O Que Realmente Faz a Diferença

Duas coisas atenuam a diferença na prática, segundo a orientação dos credores resumida em vários relatórios de mercado atuais: primeiro, os compradores que canalizam poupanças ou carteiras de investimento através do banco financiador desbloqueiam por vezes melhores condições, uma vez que as instituições ponderam a profundidade da relação a par da residência. Segundo, os mutuários que já detêm uma autorização de residência portuguesa e um histórico de rendimentos local — em vez de puros não residentes — situam-se ocasionalmente mais perto do escalão de residente, no intervalo de 70–75% de LTV que alguns bancos já oferecem. Nenhuma das vias está garantida, e os resultados dependem inteiramente da própria avaliação de risco que o banco faz de cada candidato.
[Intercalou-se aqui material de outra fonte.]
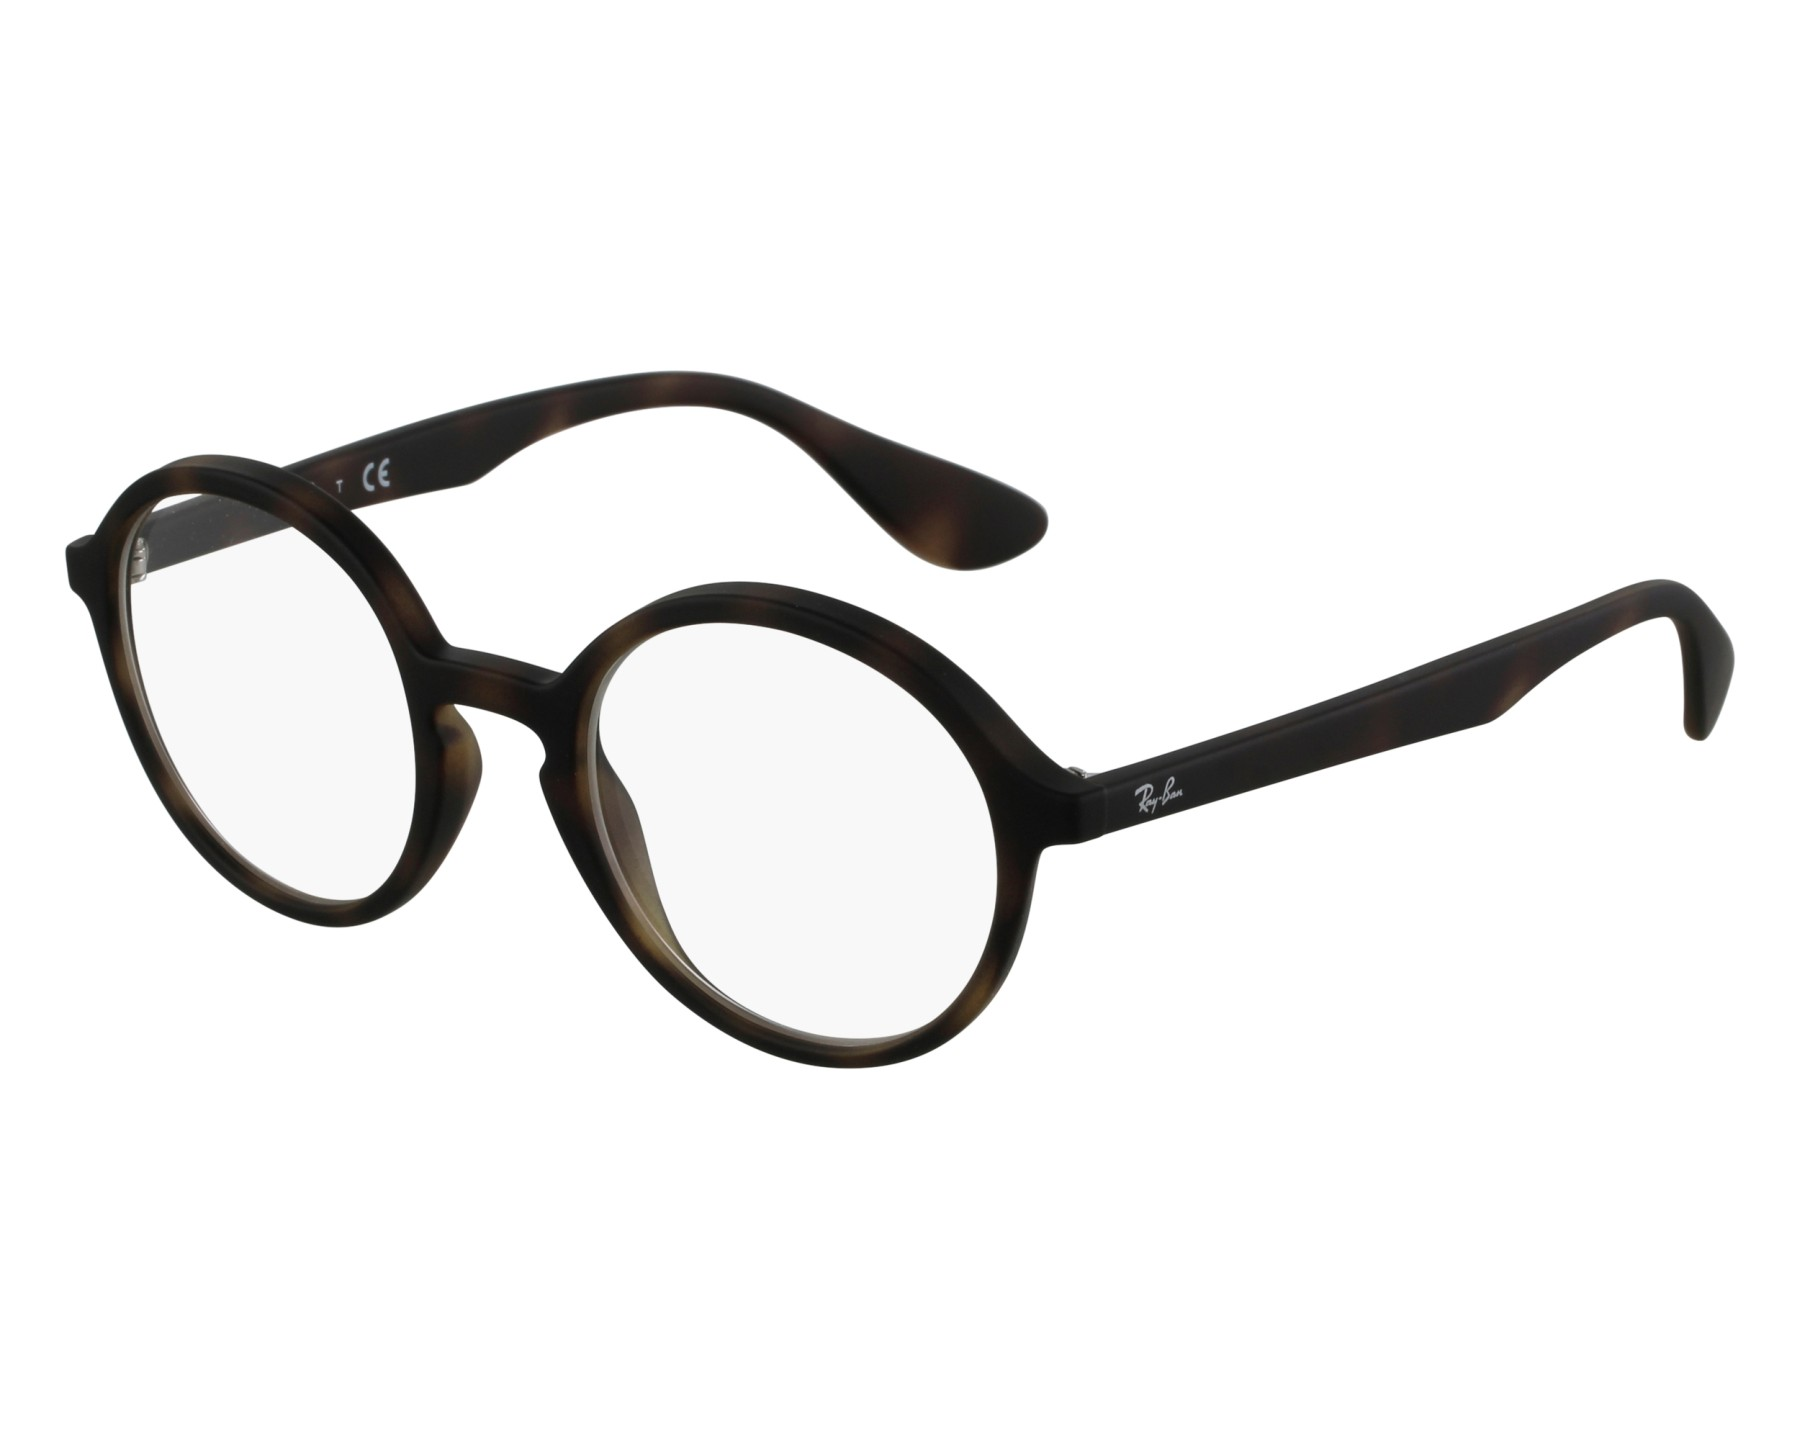 eyeglasses Ray-Ban RX-7075 5365 47-20 Havana front view 541cb7c7eeccd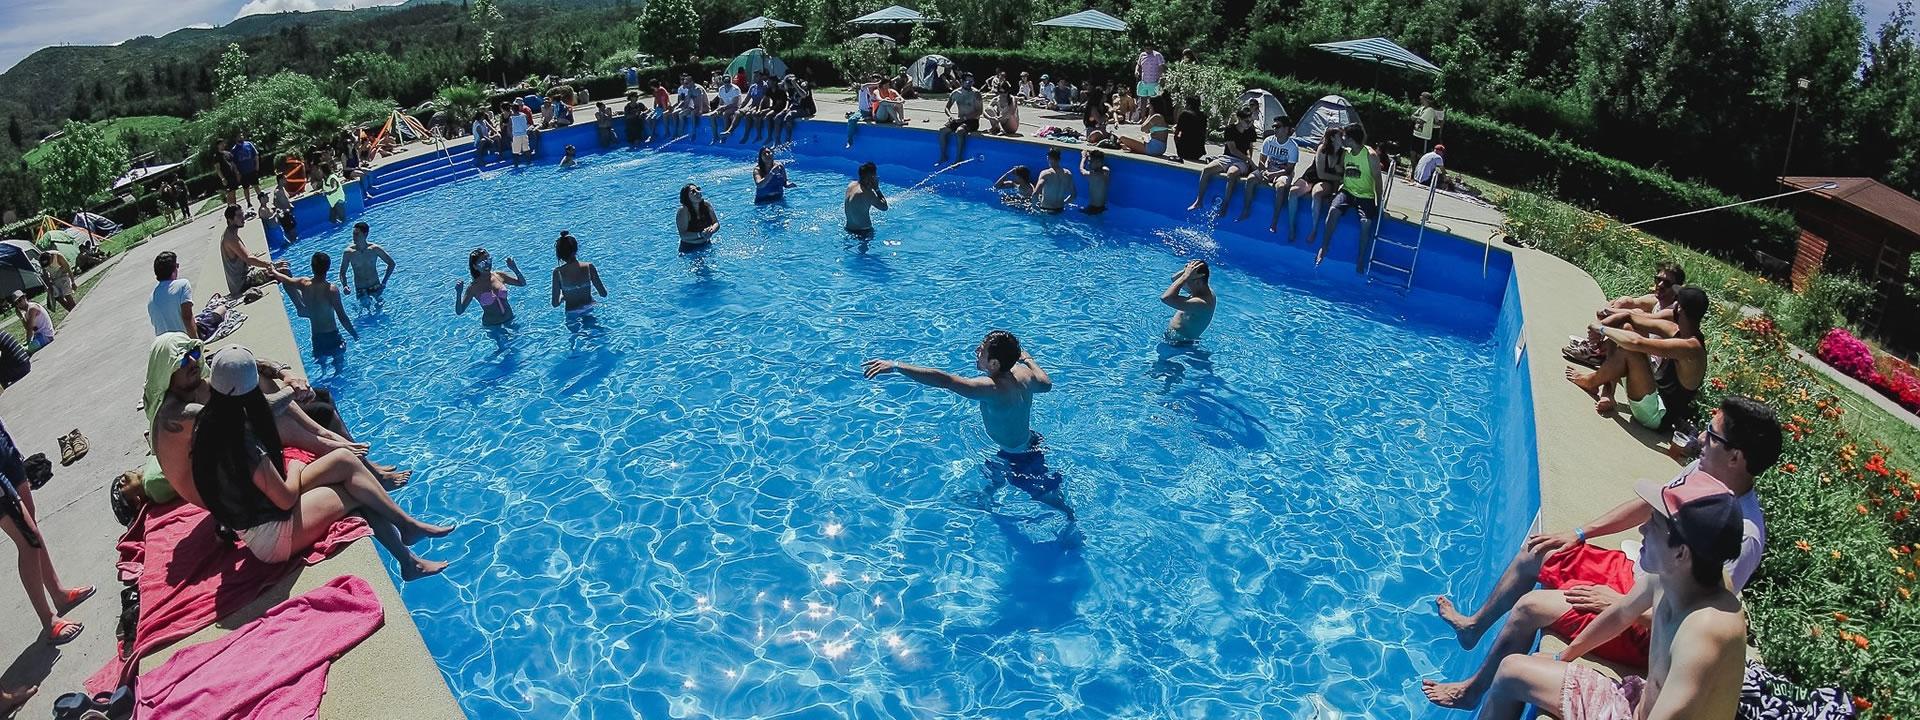 Caba as con piscinas en quill n camping precios econ micos for Piscinas precios baratos

Para a maioria dos estrangeiros ainda no estrangeiro no momento da candidatura, o teto de 60–70% continua a ser o pressuposto de trabalho em torno do qual planear — e não os 80–90% de que os residentes beneficiam, nem algo que um valor de Euribor mais baixo venha a alterar.

O Que Acompanhar

Os limites macroprudenciais de LTV e de esforço (rácio serviço da dívida/rendimento) do Banco de Portugal são o mecanismo por detrás desta diferença, e são um parâmetro de supervisão, não uma taxa de mercado — só se movem se o regulador recalibrar o risco sistémico, e não porque o BCE corta. Os compradores devem também acompanhar a sua própria estrutura de custos de compra: o IMT, o Imposto do Selo e os honorários do notário acrescem de forma material à entrada, e um NIF mais uma conta bancária portuguesa são pré-requisitos antes de qualquer credor sequer apresentar uma proposta. Para o quadro mais completo dos custos de mudança — vistos, residência fiscal e a sequência de documentação que antecede um pedido de crédito — consulte o portal de relocalização da GrowIN.

A história das taxas em destaque é genuinamente uma boa notícia para quem já tem um crédito à habitação em Portugal. Para o estrangeiro que ainda tenta obter um, a entrada — e não a taxa — continua a ser o número que decide se a mudança chega sequer a acontecer.